A lovely cool weather run

Today’s run: just under 7 miles (as in, 0.07 miles under). Had I plotted the course on gmap-pedometer prior to running, I would have made it an even 7 or, more likely, just over 7. I like rounding my runs to the nearest half-number, but almost always rounding down instead of up; I also like to run longer than I credit myself for. There’s no real reason for this; it’s just how I do it.

Anyways, today’s run was really quite delightful. I ran in the mid-morning instead of first thing before the kids got up; this was a real treat. I also ran a completely new route, listening to music that I hadn’t listened to in a long time (Elgar’s Enigma variations). It was below freezing when I woke up, but probably in the low 40s when I ran. I prefer cold temperatures for running. Here, 30s and 40s qualifies as ‘cold’. In my native New England, such would be warm, but alas, I’m trying to adjust.

Today’s food: breakfast was a bagel from yesterday’s batch. Lunch was leftover chili from yesterday (pictures soon!) and some pasta. Dinner was a really simple stirfry (lots of veggies, sesame-shitake salad dressing mixed with cornstarch as the sauce) and my husband’s version of paradise casserole from The Candle Cafe cookbook. The Candle Cafe is a fabulous, fabulous vegan restaurant in NYC. We first went with my uncle and his then-partner, now-husband (hooray!) in the late 1990s. We’ve only been a few times since then, but it remains a favorite restaurant for both of us. I highly recommend the cookbook. The recipes are fancy but easy enough to do at home, and the pictures are great. I also had some leftover cake from yesterday.
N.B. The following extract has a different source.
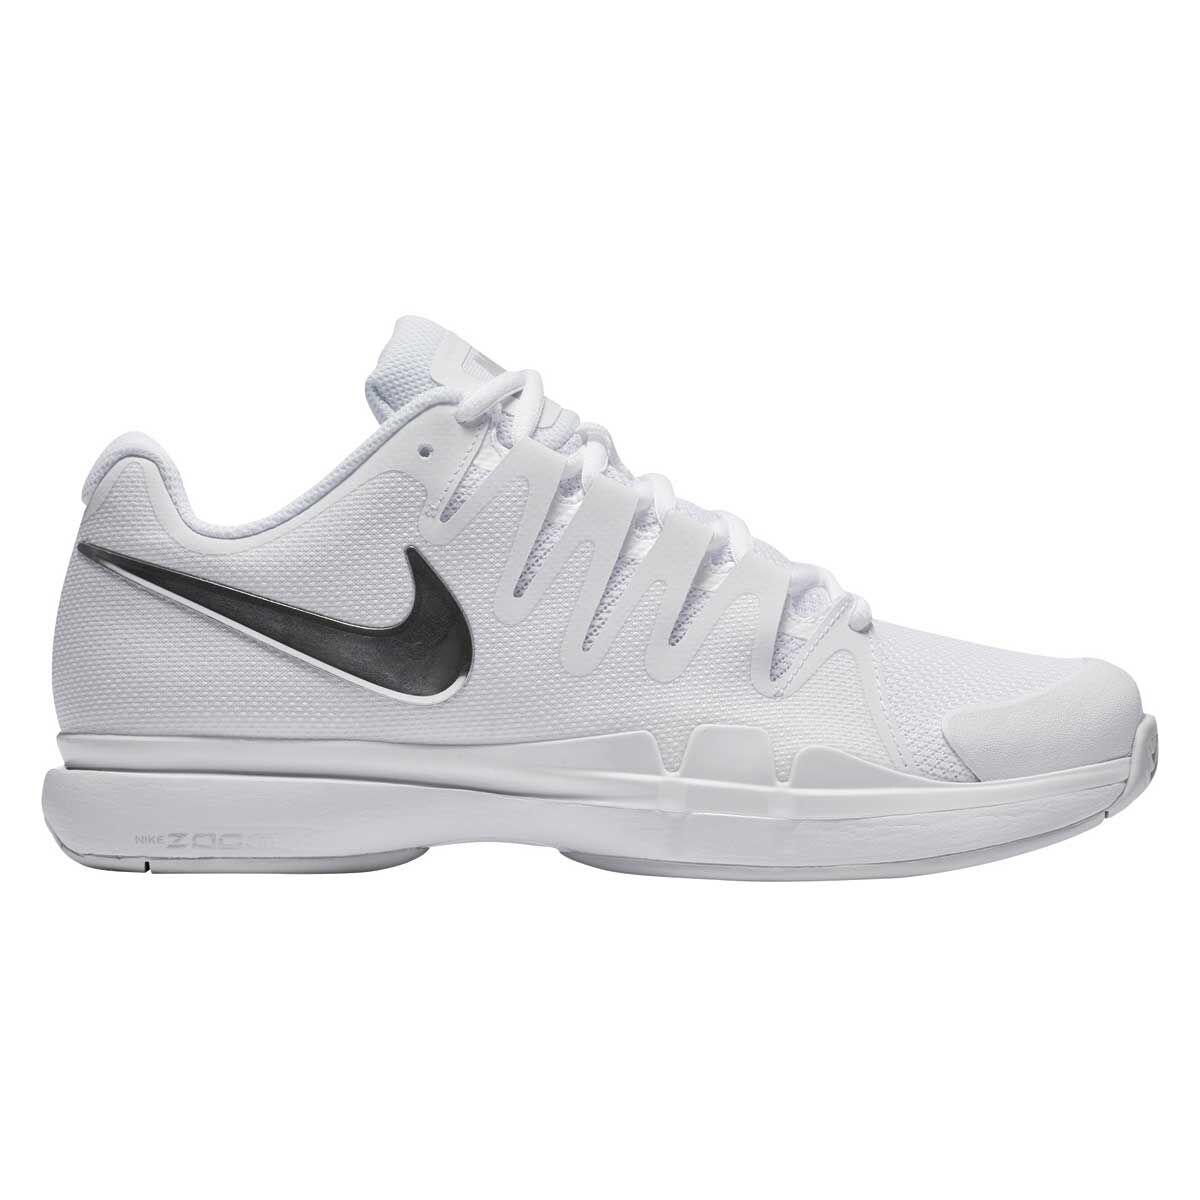 Nike Zoom Zapatos Vapor Tour Mujeres Tennis Zapatos Zoom Blanco  Silver Us e9bf82
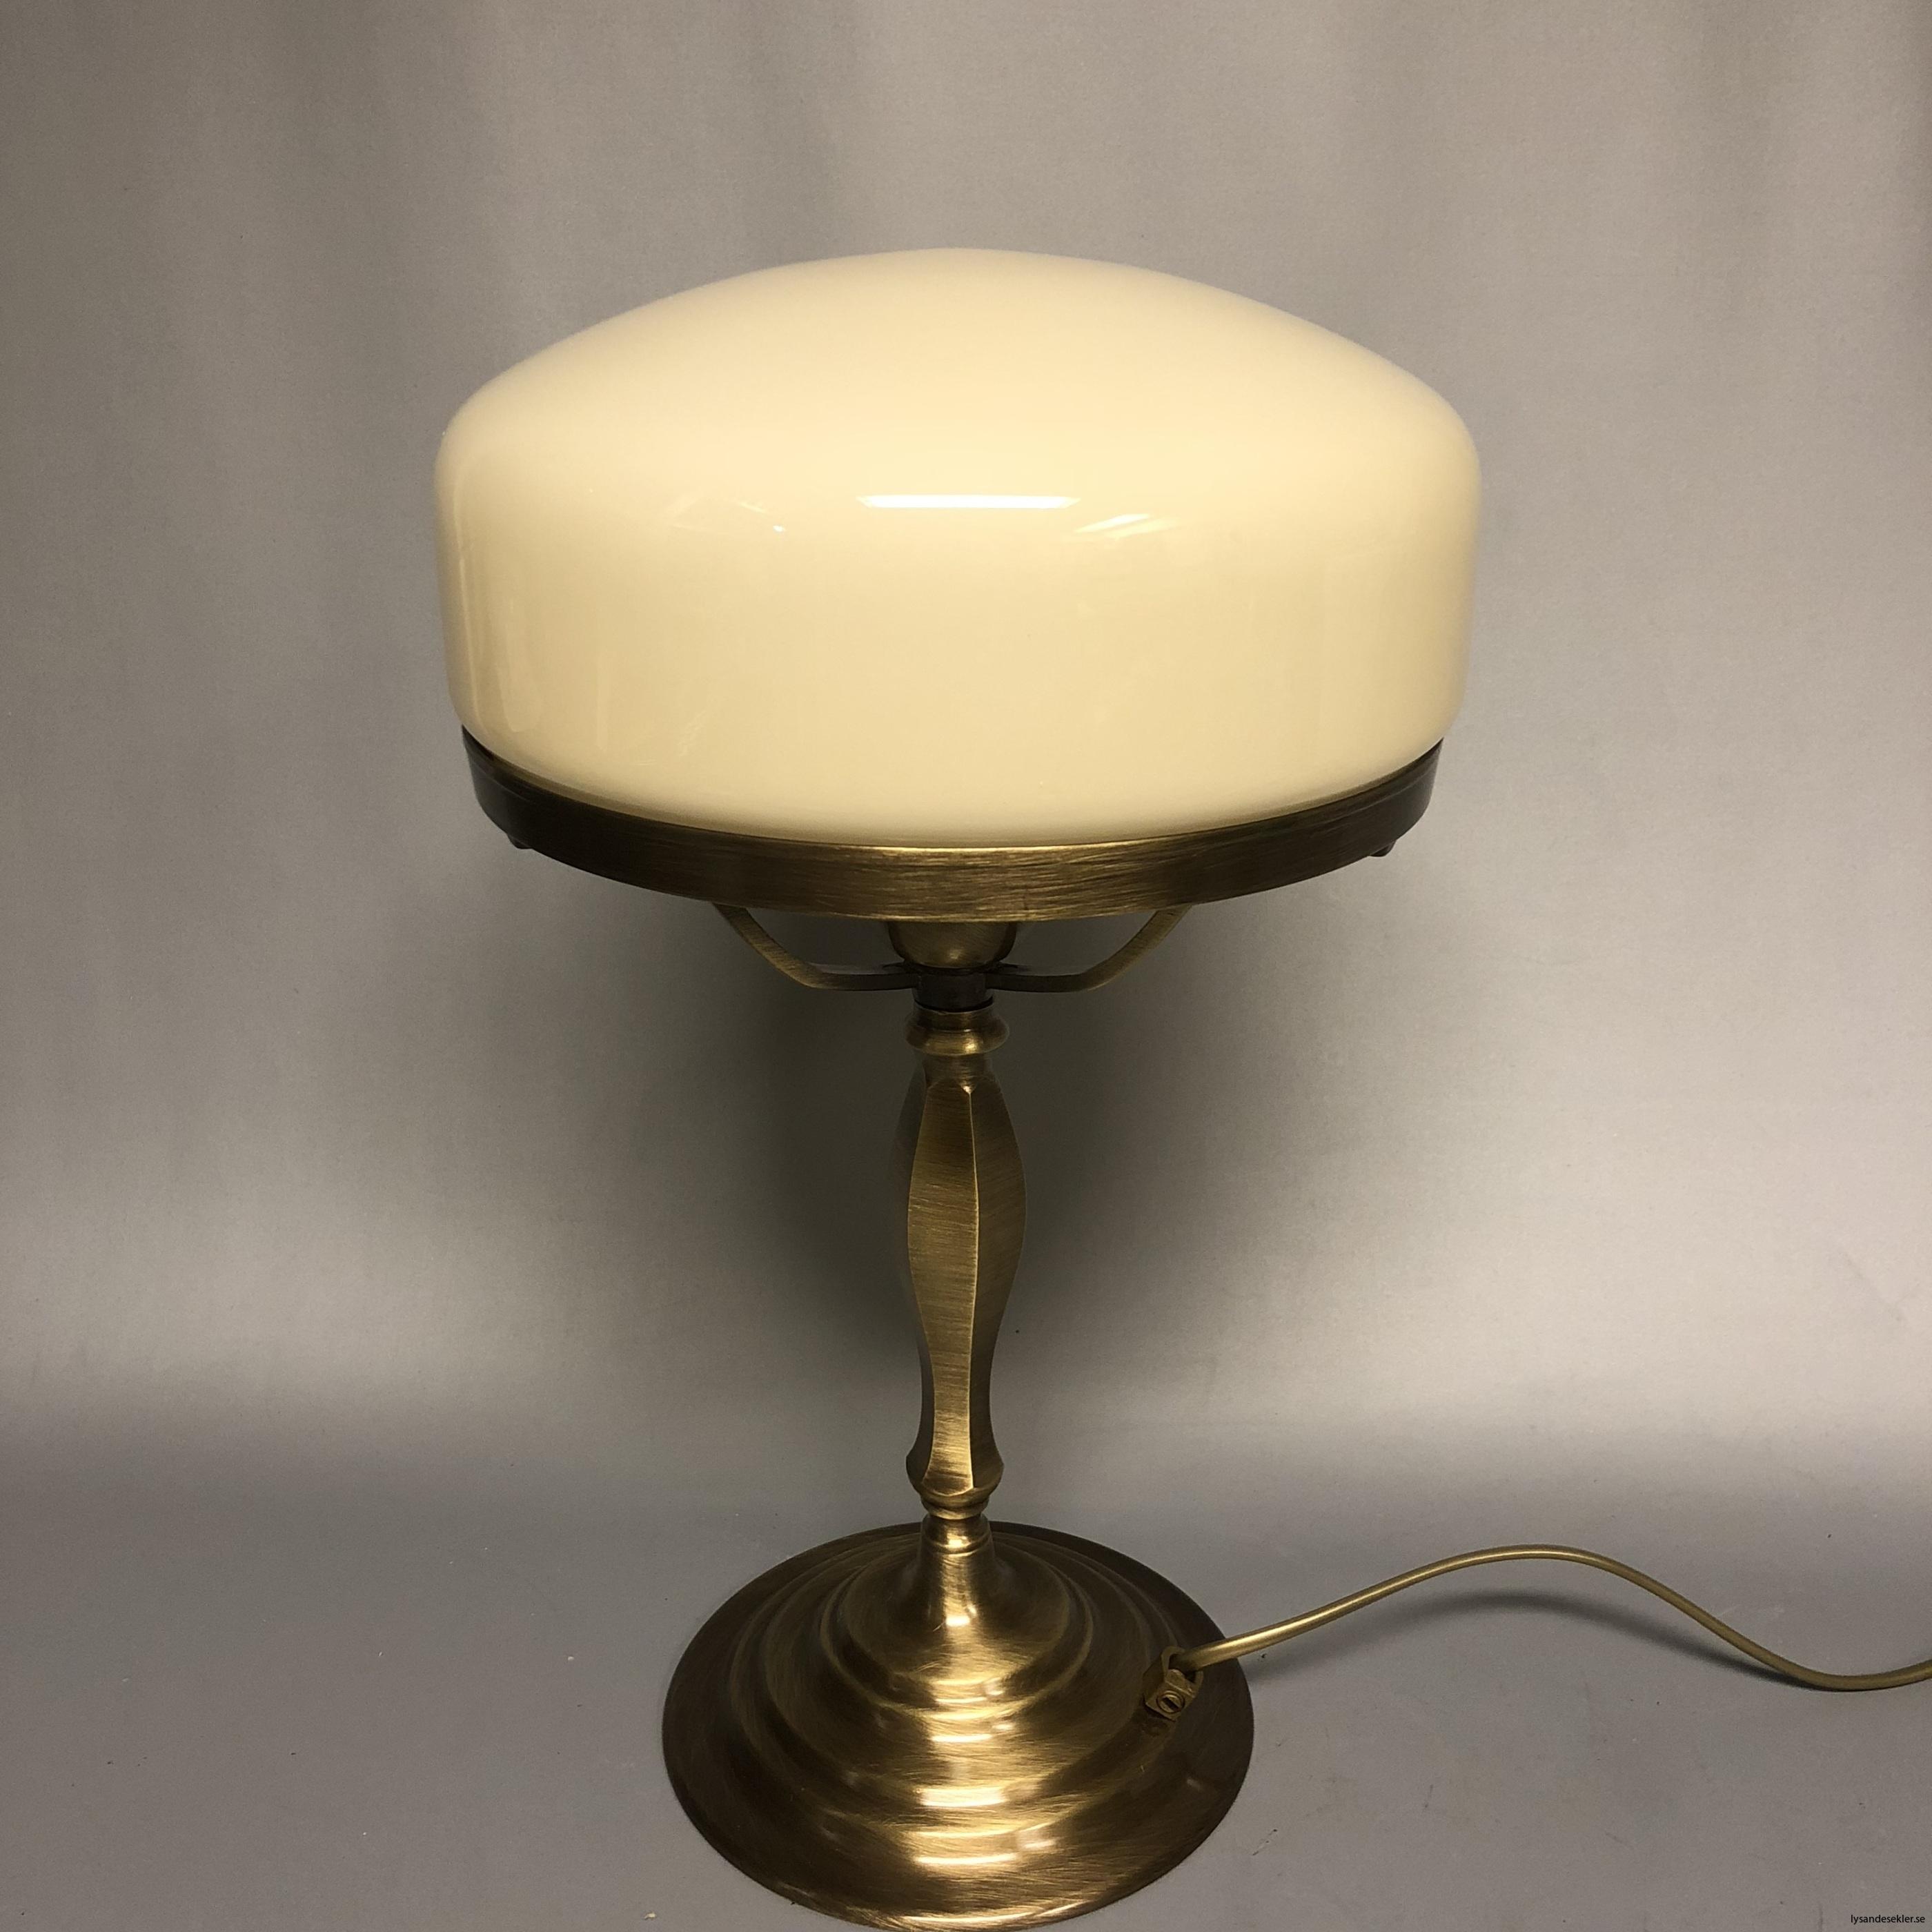 strindbergslampa strindbergslampor strindberg lampa skärm kupa strindbergsskärm strindbergskupa43

I am hoping to make this blog more about how to be a simple, non-trendy vegan in a largely non-vegan world, than about my daily runs and eats. However, I am going to try to track my runs here just out of convenience. I’ve done a few marathons and half-marathons, the last of which was the Atlanta half when I was pregnant with daughter #2. I’m working back up to a marathon (the Marine Corps/DC one, I hope) and having accountability on my daily runs will help towards that, I think.

I’m not a calorie-counter or super-strict about food, so I don’t really expect to treat this as a food log. I became a vegan back in 1995, after being a vegetarian for a year; my reasons for becoming a vegan were ethical and environmental, and those remain my reasons for veganism today. I’m sure I enjoy some health benefits from being vegan, but really those are incidental and secondary – I’m a vegan because I love animals and can’t stand the thought of them being mistreated.

That being said, I live in an area in which it is really hard to be vegan. It’s easy for me because I’ve done it for so  long and I like to cook (as opposed to eating out), but it would be really, really hard to find the support to start a vegan lifestyle here. I’m in the rural, rural south. No-one has even heard the word vegan here, and in the 6 years I’ve been here, I have not met a single other vegan. I’ve met a few (2, I think) vegetarians. I rarely go to restaurants, partially because of the expense but mainly because of the inconvenience of having to explain what I can and can’t eat, dealing with the bewildered stares of waitstaff, and then not really being certain that what I receive is actually vegan. I do think it’s important to eat out as a vegan in the rural south, because it is only through people asking for vegan options that vegan options will become readily available. It’s just hard to be the guinea pig 🙂

I’m a simple, but good, cook. I love to cook and create and read cookbooks for ideas; I rarely follow a recipe exactly. My cooking has always relied on ingredients that are easy to come by. Back when I became a vegan, even in the enlightened town of Ithaca, NY, where I then lived, grocery stores did not carry staples such as refrigerated soymilk – you could only get the kind on the shelf. Earth Balance did not yet exist, nor did the majority of the meat analogs that are on the market today. Ithaca did carry a wonderful, locally-made seasoned tofu called tofukan…..it was delicious, and the closest to a meat analog that was available. Of course, where I am now has very limited options in terms of prepared vegan food. So, I learned to cook vegan food using basic, simple, whole, unprocessed ingredients, and I continue to cook that way today.

Veganism is becoming somewhat trendy, which is great for the animals and enviroment, but also means that many of the vegan blogs and cookbooks rely on vegan versions of non-vegan items. Sure, I enjoy the occasional tub of Tofutti sour cream, but I do not rely at all on vegan analogs of any kind, except for soy milk and soy margarine. This is primarily due to availability and price – those items are just so expensive, and in my area, very hard to come by.

So the recipes I’ll be posting to this blog are easy to make, tasty, and use easy to find ingredients. I am a mostly-healthy cook, but I enjoy my fair share of desserts, so some recipes will be vegan but definitely not ‘healthy’.

I’m looking forward to finally having a place to write down all the recipes I create. All too often my husband will say ‘why don’t you make X again’ and I can’t remember how I made it. I hope this blog helps remedy this problem, and gives others guidance in how to live a simple, old-school vegan lifestyle.